SQL is good for querying structured relational databases, but not all data sets are structured. That’s where NoSQL (i.e., Not Only SQL) queries come into play. NoSQL provides a mechanism for storage and retrieval of data that is modeled in means other than the tabular relations used in relational databases. Chris Curran (@cbcurran), Principal and Chief Technologist at PwC U.S. Advisory Practice, told Mitchell that NoSQL “databases, are rapidly gaining popularity as tools for use in specific kinds of analytic applications, and that momentum will continue to grow.”

 

Deep Learning

 

Hopkins told Mitchell that deep learning “is still evolving but shows great potential for solving business problems.” Mitchell defines deep learning as “a set of machine-learning techniques based on neural networking.” It should be pointed out, however, that not all deep learning (or cognitive computing) systems require neural networking. “Deep learning,” Hopkins states, “enables computers to recognize items of interest in large quantities of unstructured and binary data, and to deduce relationships without needing specific models or programming instructions.” Accenture’s latest technology vision entitled “From Digitally Disrupted to Digital Disrupter,” predicts that cognitive computing will the “ultimate solution” for big data analytics. It explains:

“What if … machines could be taught to leverage data, learn from it, and, with a little guidance, figure out what to do with it? That’s the power of machine learning — which is a major building block of the ultimate long-term solution: cognitive computing. Rather than being programmed for specific tasks, machine learning systems gain knowledge from data as ‘experience’ and then generalize what they’ve learned in upcoming situations. Cognitive computing technology builds on that by incorporating components of artificial intelligence to convey insights in seamless, natural ways to help humans or machines accomplish what they could not on their own.”

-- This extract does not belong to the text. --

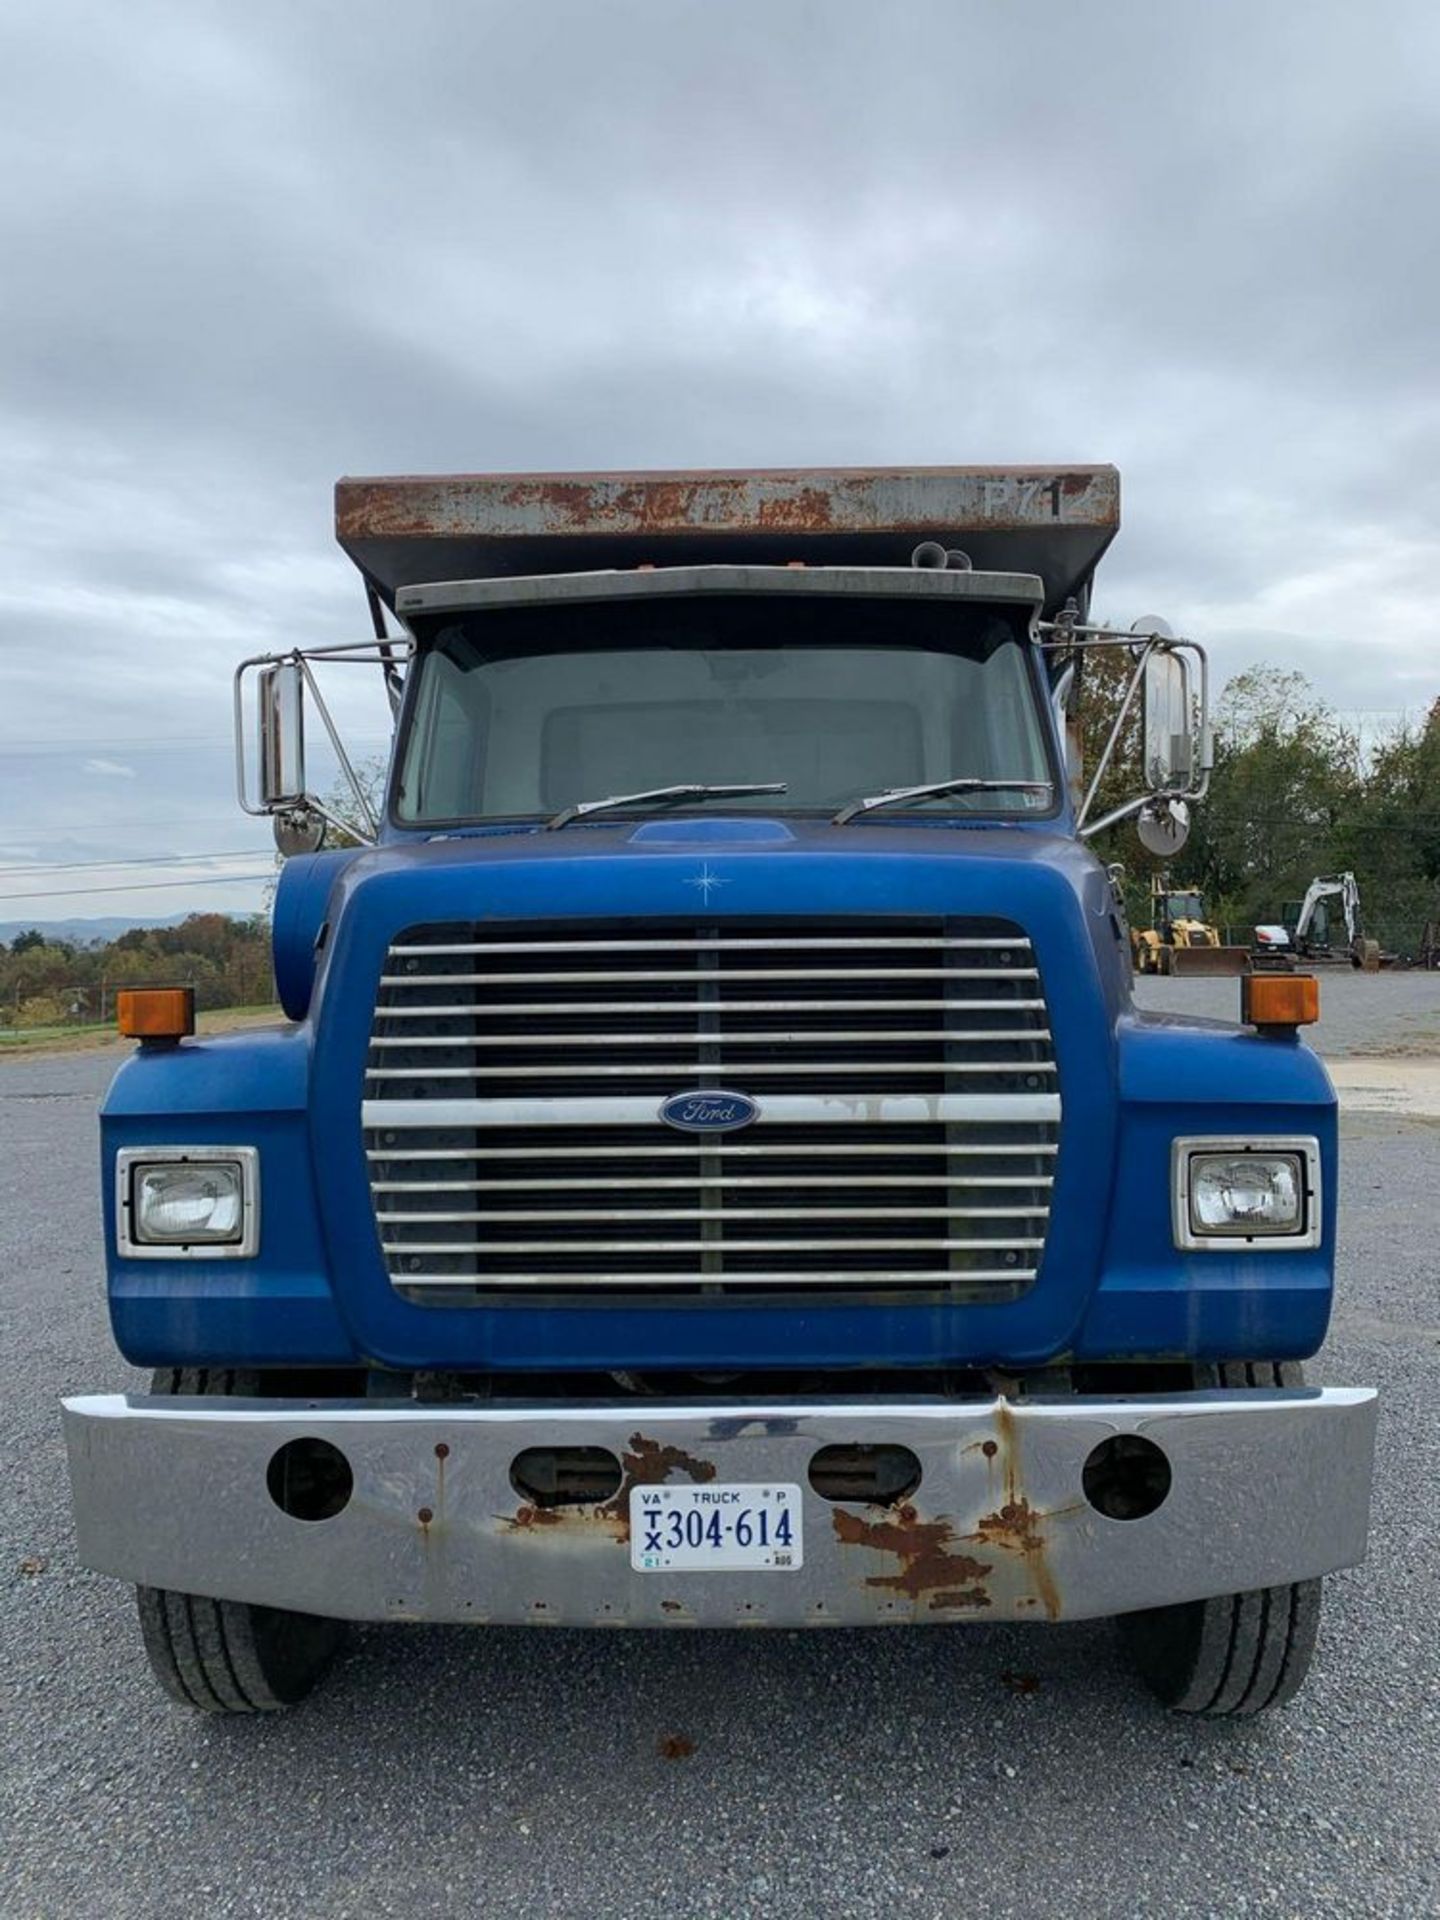 1990 FORD L9000 S/A DUMP TRUCK - Image 12 of 72
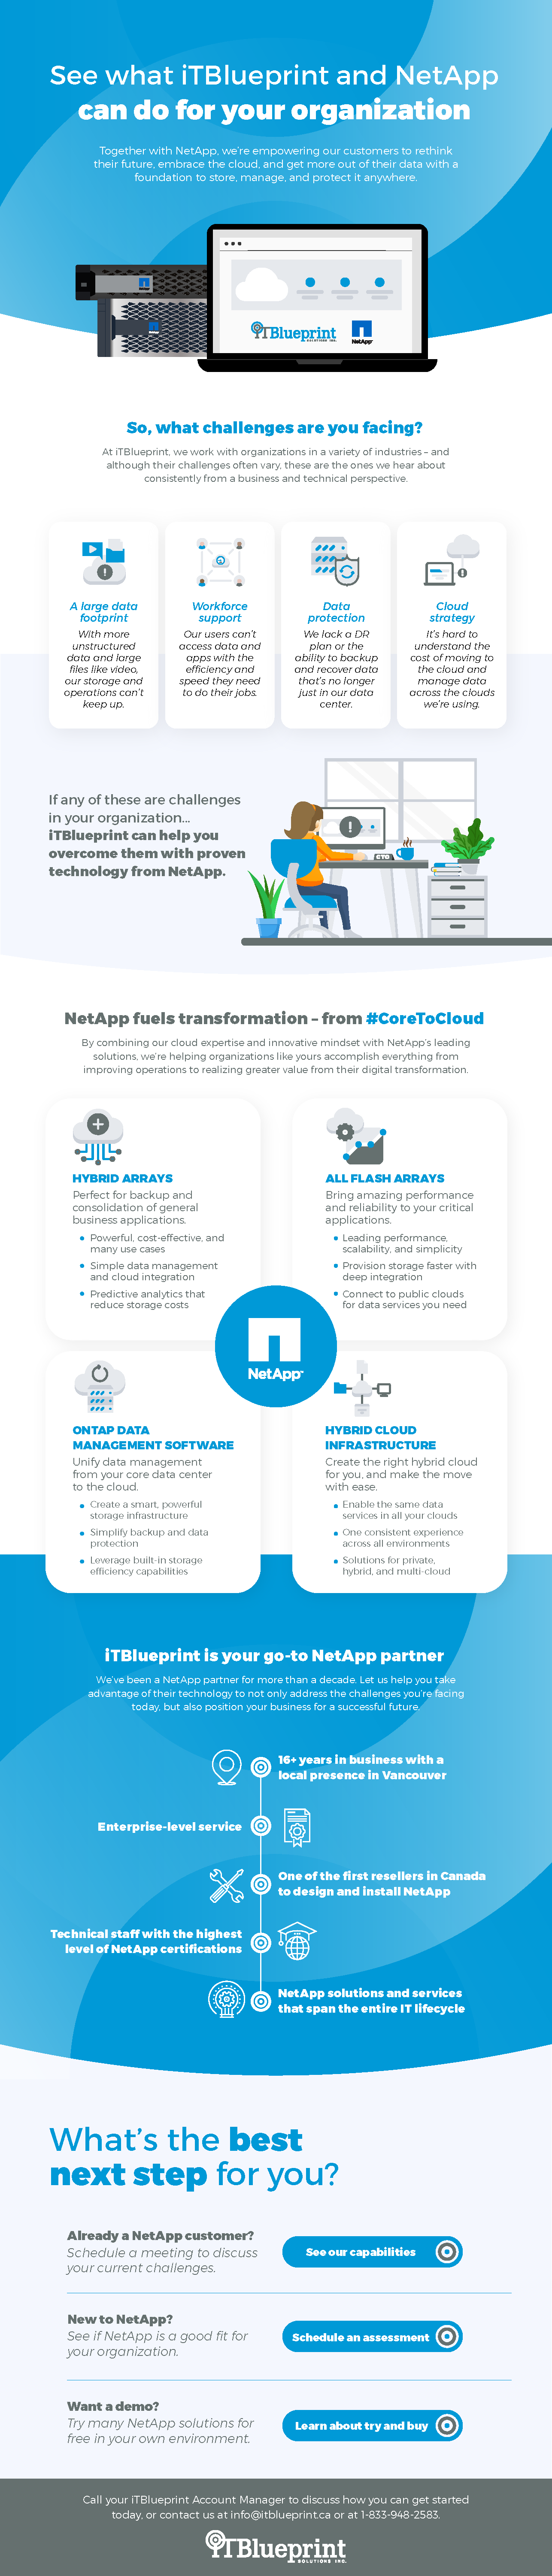 Long scrolling infographic primarily blue and white on the topic of NetApp for ITBlueprint using flat graphics

As President and CEO of a cognitive computing company, Enterra Solutions®, I was pleased that the Accenture study discusses a case study in which Enterra plays a significant role (see my article entitled “Cognitive Computing and the Digital Business“).

 

In-memory Analytics

 

The final trend discussed by Mitchell involves the use of in-memory databases. He writes, “The use of in-memory databases to speed up analytic processing is increasingly popular and highly beneficial in the right setting. … In fact, many businesses are already leveraging hybrid transaction/analytical processing (HTAP) — allowing transactions and analytical processing to reside in the same in-memory database.” Elliott adds:

“In-memory computing is providing an opportunity to rethink information systems from scratch. According to Gartner, in-memory: ‘isn’t only about SAP HANA, isn’t new, isn’t unproven, isn’t only about big companies, and isn’t only about analytics’: ‘In-memory computing will have a long-term disruptive impact by radically changing users’ expectations, application design principles, and vendor’s strategy.'”

Mitchell concludes, “With so many emerging trends around big data and analytics, IT organizations need to create conditions that will allow analysts and data scientists to experiment.” Curran added, “You need a way to evaluate, prototype and eventually integrate some of these technologies into the business.” I agree that the best way to evaluate big data projects is through the use of pilot projects. By working together, vendors and customers can create an analytic solution that is tailored and scalable to the exact requirements of the organization.